Zapierはこの市場で巨大な存在であり、真の分析もせずに切り捨てるのは間違いのように思えます。投資家として、私は非常にシンプルな疑問を抱いています。Zapierが一部の連携機能で双方向同期を開始するのを阻んでいるものは何でしょうか?
この競合スライドは、機会の大きさをうまく示していますが、競合相手を彼らが当然受けるに値するほど真剣に扱っていません。そのため、今回の資金調達ラウンドにおいて、Unitoにとってデューデリジェンスのプロセスは必要以上に困難になったのではないかと思います。
SaaS企業はもっと牽引されるべき
Unitoが一部のスライドを編集したことは承知していますが、それでも大きなチャンスを逃しています。SaaS企業には、プラットフォーム上で起こるあらゆることを測定できるという利点があります。創業チームが何を測定対象とするか、そしてどのような指標を目標とするかは、投資家候補にとって重要なストーリーの一部です。これは、ビジネスにおいてどのレバーが重要で、どのレバーを後回しにできるかを、あなたが理解していることをアピールする絶好の機会です。Unitoのプレゼン資料は全体的に、「私たちはあることを成し遂げました。そして今、そのことをもう少し進めていきます」という感じでした。なるほど、そうかもしれません。結局のところ、壊れていないものは直す必要はありません。

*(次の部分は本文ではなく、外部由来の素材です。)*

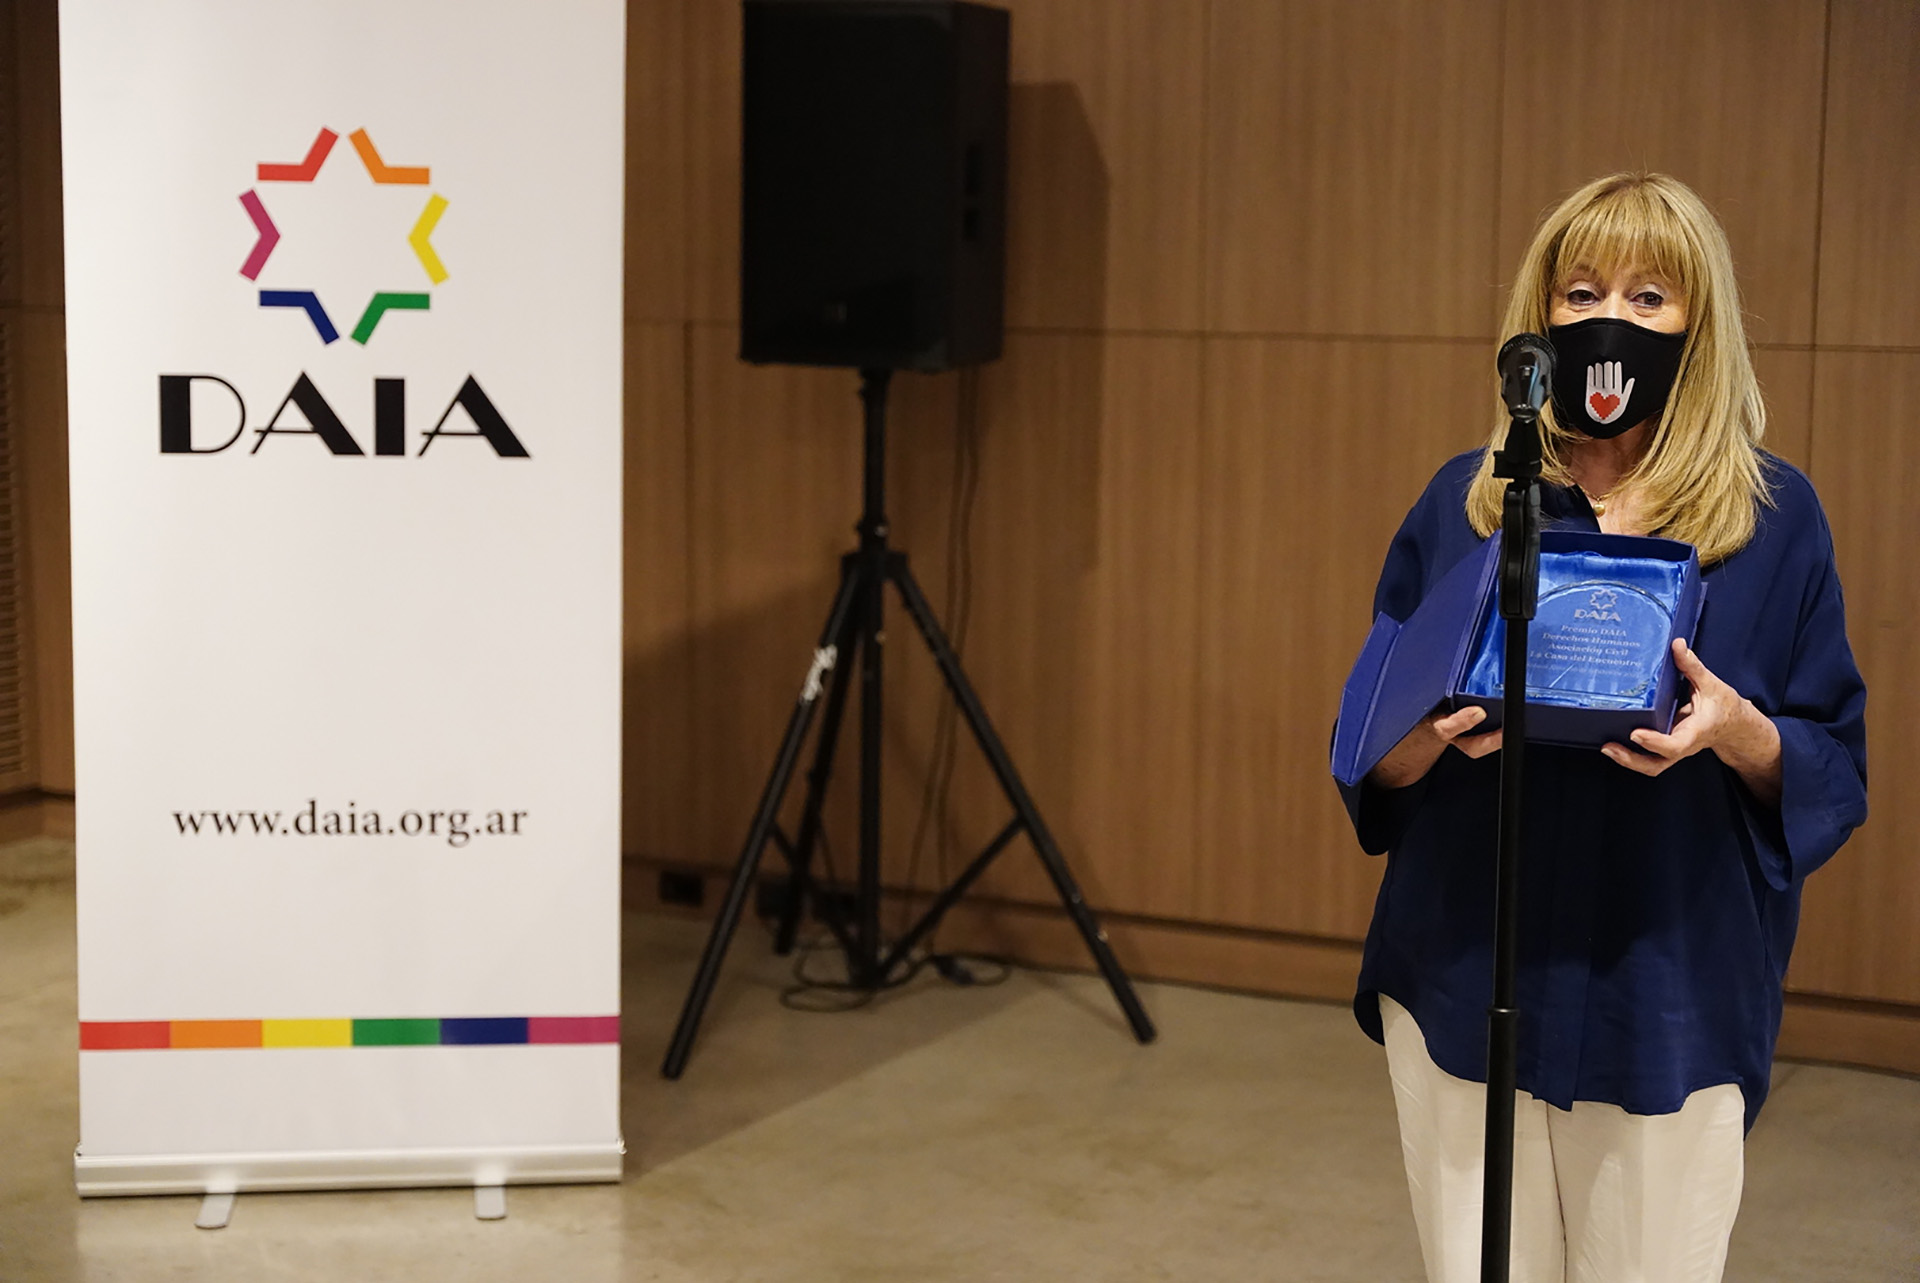 El Premio DAIA a los Derechos Humanos fue para la Asociación Civil "La Casa del Encuentro" y fue recibido por su presidenta, Ada Beatriz Rico

しかし、投資家としては残念です。成長段階の企業は膨大なデータを持っているはずで、企業が事業を正しい方向に導くために使っているダッシュボードのスクリーンショットを見せるだけでも、有意義な情報が得られるはずです。
このスライド デッキ内の唯一の確かなデータは (軸が編集されているにもかかわらず) 次のスライドです。

しかし、ここで会社が何を測定しているのかは分かりません。これはユーザー数でしょうか?同期数でしょうか?それとも収益でしょうか?
それでも、期待外れだったようです。この資料には、会社が現在採用しているビジネスモデルについては一切触れられていません。料金表のページには少しだけ記載されていますが、多くの情報が欠けているように感じます。
私がここで求めているビジネスダッシュボードには、顧客生涯価値(LTV)や顧客獲得コスト(CAC)といった指標が数多く含まれています。これらの指標が欠如しているため、このプレゼンテーションは企業の成熟度が実際よりもはるかに低いように受け取られてしまい、誰の役にも立ちません。